Award [1] for a correct statement conveying that total charge is constant / charge is transferred, not created or destroyed.
2. (a) Explain, in terms of electron transfer, how the rod becomes negatively charged. [2 marks]
Answer: When the polythene rod is rubbed with the woollen cloth, electrons are transferred from the cloth to the rod. The rod gains electrons and therefore becomes negatively charged.
Award [1] for stating electrons are transferred from cloth to rod; [1] for stating rod gains electrons → negatively charged.
(b) Explain why the uncharged aluminium foil is attracted to the charged rod. [2 marks]
Answer: The negative charges on the rod repel electrons in the aluminium foil to the far side of the foil (charging by induction). The side of the foil nearest the rod becomes positively charged. Since unlike charges attract, the foil is attracted to the rod.
Award [1] for describing induction / separation of charges in the foil; [1] for stating attraction between unlike charges (positive foil side and negative rod).
3. Define the term electromotive force (e.m.f.). [1 mark]
Answer: The electromotive force (e.m.f.) is the work done per unit charge by a source (such as a battery) in driving charge around a complete circuit. / The energy converted from other forms to electrical energy per unit charge.
Award [1] for a correct definition referencing work done / energy converted per unit charge.
4. (a) Calculate the total resistance of the circuit. [1 mark]
Answer: R_total = R₁ + R₂ = 4.0 + 8.0 = 12.0 Ω
Award [1] for correct answer with unit.
(b) Calculate the current flowing in the circuit. [2 marks]
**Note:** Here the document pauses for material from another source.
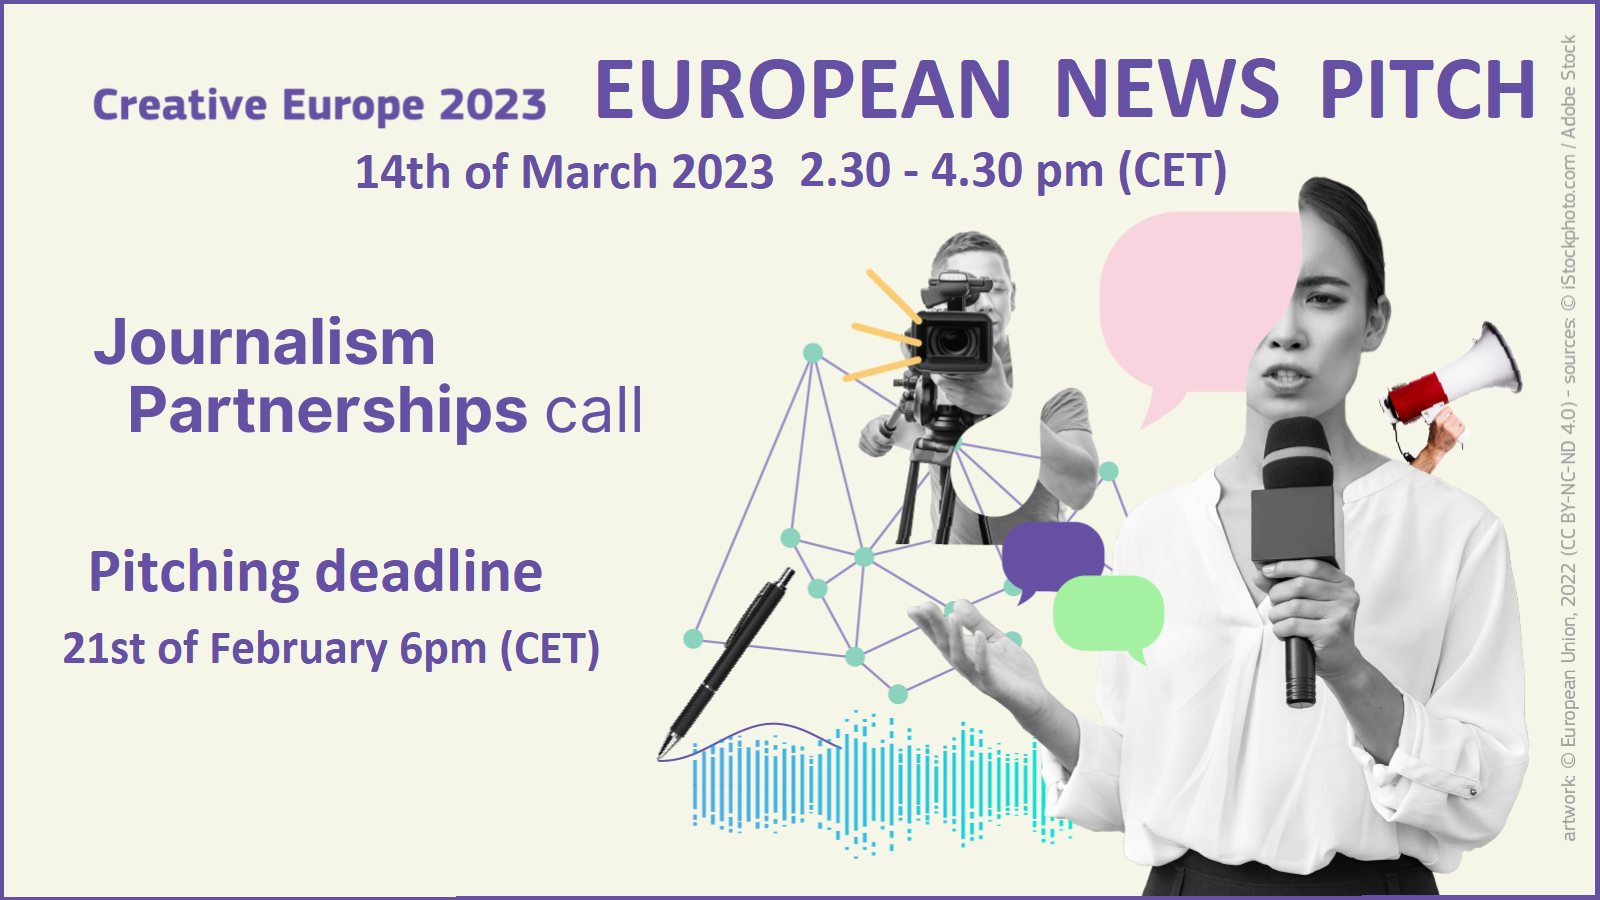 Segunda edición de «European News Pitch». Sesión internacional de pitching para la convocatoria de Asociaciones Periodísticas

Answer: I = V / R_total = 12 / 12.0 = 1.0 A
Award [1] for correct formula; [1] for correct answer with unit.
(c) Calculate the potential difference across the 8.0 Ω resistor. [2 marks]
Answer: V = I × R = 1.0 × 8.0 = 8.0 V
Award [1] for correct formula/substitution; [1] for correct answer with unit.
5. (a) Plot graph of current against voltage. [3 marks]
Answer: Graph should show:
- Correctly labelled axes: Current / A (y-axis), Voltage / V (x-axis)
- Appropriate scales
- All six points plotted accurately
- Smooth curve drawn through points (curve should show decreasing gradient as voltage increases, indicating increasing resistance)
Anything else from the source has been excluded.